Оба человека по-прежнему находились у колодца, и бык храпел возле них. К колодцу подошел пастух. Он был на хозрасчете. У него болело сердце от недостачи двух коров, и он пришел поглядеть – не чужие ли это люди, которые могут обменять коров или выдоить их, тогда как он и сам старался для лучшей удойности не пить молока.
Подумайте, какие розы
Евгения Долгинова
Был ли Андрей Платонов “только” советским человеком или еще и советским писателем? Для того, кому интересна эта тема, фрагмент из “Ювенильного моря” может оказаться ключевым аргументом, причем для противоположных ответов. Любовь единомышленников выглядит классическим производственным романом, диалогу нужна лишь пара фраз, чтобы перейти от обсуждения поцелуя в гущу волос к вопросу о стройматериалах и смете для совхозного училища. Так и видишь эту сцену в каком-нибудь фильме начала 1930-х, где диалоги звучат словно написанные обэриутами. Кинематографичность платоновского языка позволяет ему сближать самые разные планы, охватить в одном абзаце сразу несколько реальностей, в иной ситуации показавшихся бы несовместимыми, борющимися друг с другом.
Любовь кажется здесь лишь приложением к чему-то иному, высшему и труднодостижимому, одной из многих возможностей достижения невидимой цели. Инженер-электрик Вермо влюбляется (если в данном случае можно употребить такой глагол) в ту, которая рядом, на месте секретаря гуртовой партячейки мог бы оказаться кто угодно: “Не умея жить без чувства и без мысли, ежеминутно волнуясь различными перспективами или томясь неопределенной страстью, Николай Вермо обратил внимание на Босталоеву и немедленно прыгнул на ее коня, оставив своего свободным”. Следующая фраза – сгусток платоновского стиля, квинтэссенция его миропонимания, не разделяющего физическое и метафизическое, лишающего время деления на прошлое и будущее: “Он обхватил сзади всю женщину и поцеловал ее в гущу волос, думая в тот же момент, что любовь – это изобретение, как и колесо, и человек, или некое первичное существо, долго обвыкался с любовью, пока не вошел в ее необходимость”. “Обхватить сзади всю женщину” может только платоновский герой (речь все же не о карлице), что напоминает о других описаниях (а) сексуального в прозе Платонова. В “Такыре” Атах-баба “ожесточился страстью”, но его молодая жена “уснула от утомления и равнодушия среди любви”. Эротизм в этих текстах, где, вслед за реальностью, техника фетишизируется, а тело подвергается уничижению, далек от привычного.
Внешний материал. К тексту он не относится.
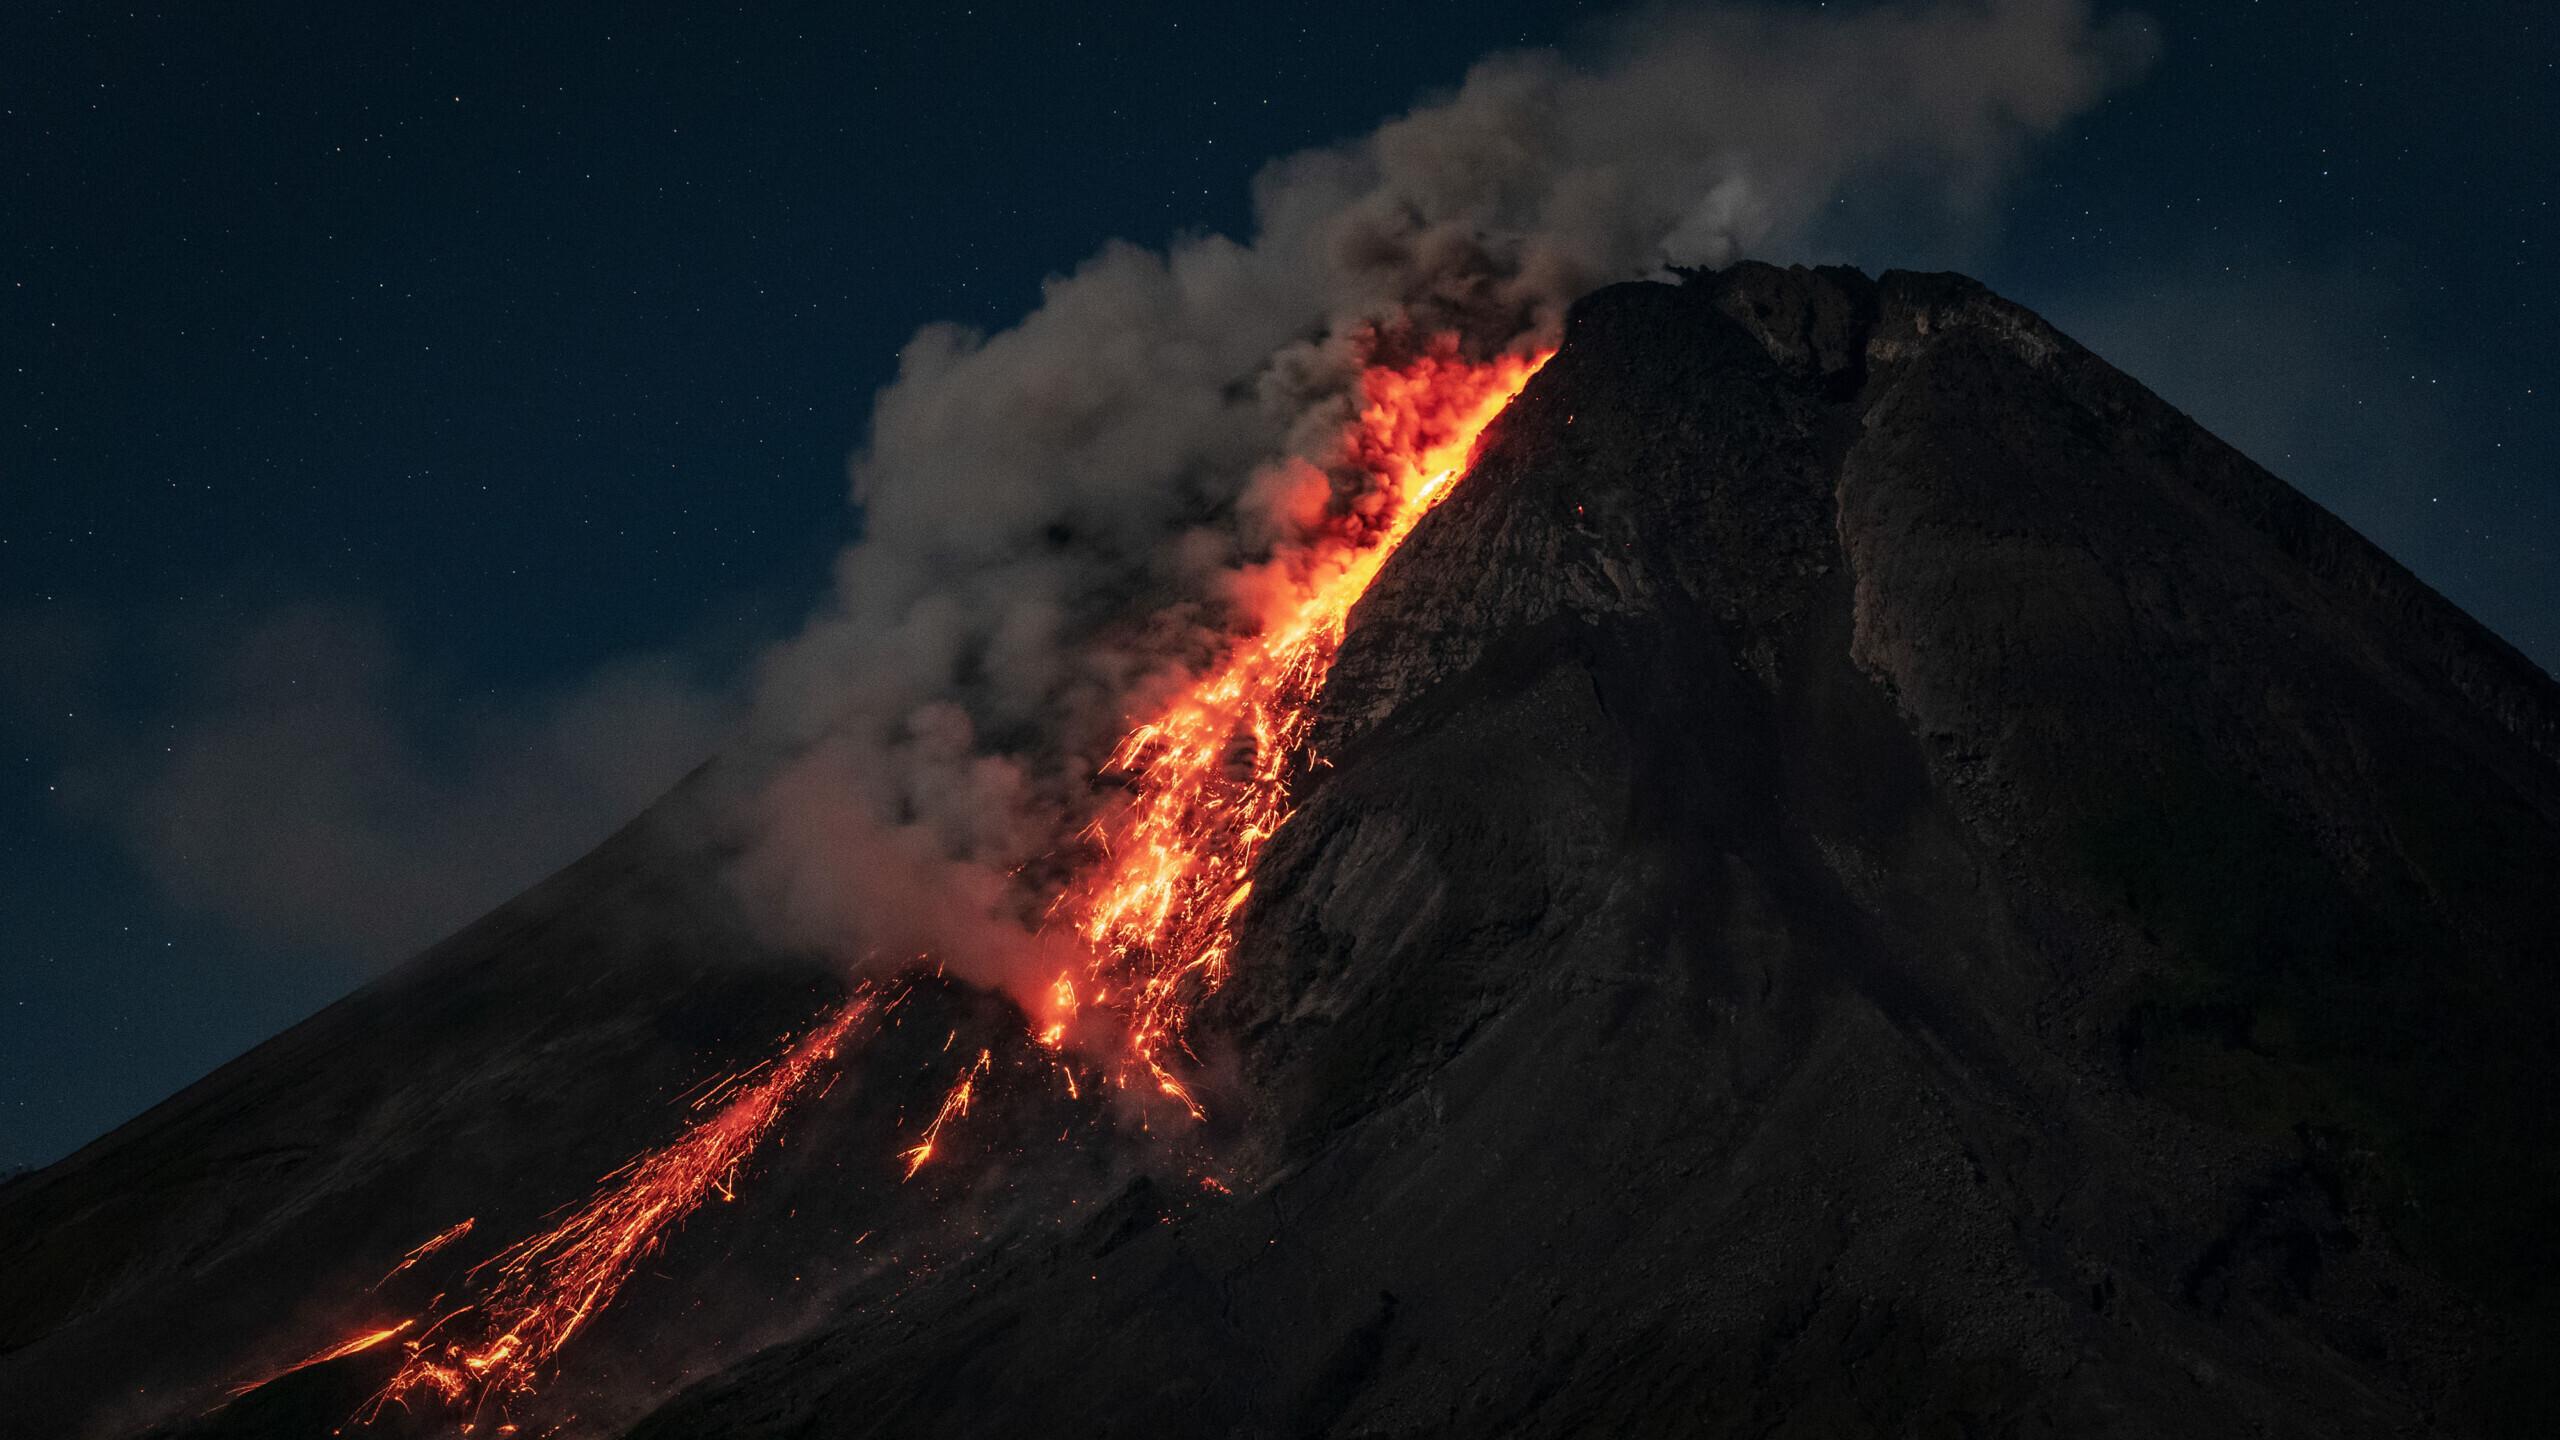 Smarter News Quiz: Spaceships, Prayers and Volcanoes

Самое сложное для человека утопического мышления – найти соратника, верящего, что “есть невозможное”. Вермо повезло, Босталоева прониклась его идеей прожечь землю вольтовой дугой и достичь таким образом подземных ювенильных вод. Кажется, очарование техникой можно принять за типично советское, тем более что Платонов, сам мелиоратор и специалист по электрификации, сын машиниста паровоза и внук часового мастера, был не просто фанатом, но знатоком технического прогресса. Зуд работы отличал его от коллег по писательскому цеху, и с этой точки зрения он, конечно же, чужой в компании литераторов-победителей 1930-х, с их привилегиями и орденоносной славой, рифмующейся с общей, натужно-восторженной риторикой радио и газет.
Эта чужеродность – не только в необходимости, после расторжения из-за скандала с повестью “Впрок” всех издательских договоров в 1931–1932 годах, поступить на службу старшим инженером-конструктором в трест “Росметровес”. Она видна и по письмам к Платонову Максима Горького. Отдавая должное таланту и языку писателя, классик последовательно отвергает важнейшие тексты, “Чевенгур” и “Мусорный ветер”. В случае с “Чевенгуром” причины, на взгляд Горького, понятны: проблемы с цензурой и отсутствие редактора, способного оценить произведение по достоинствам (А. К. Воронский, единственное исключение, был уже не у дел).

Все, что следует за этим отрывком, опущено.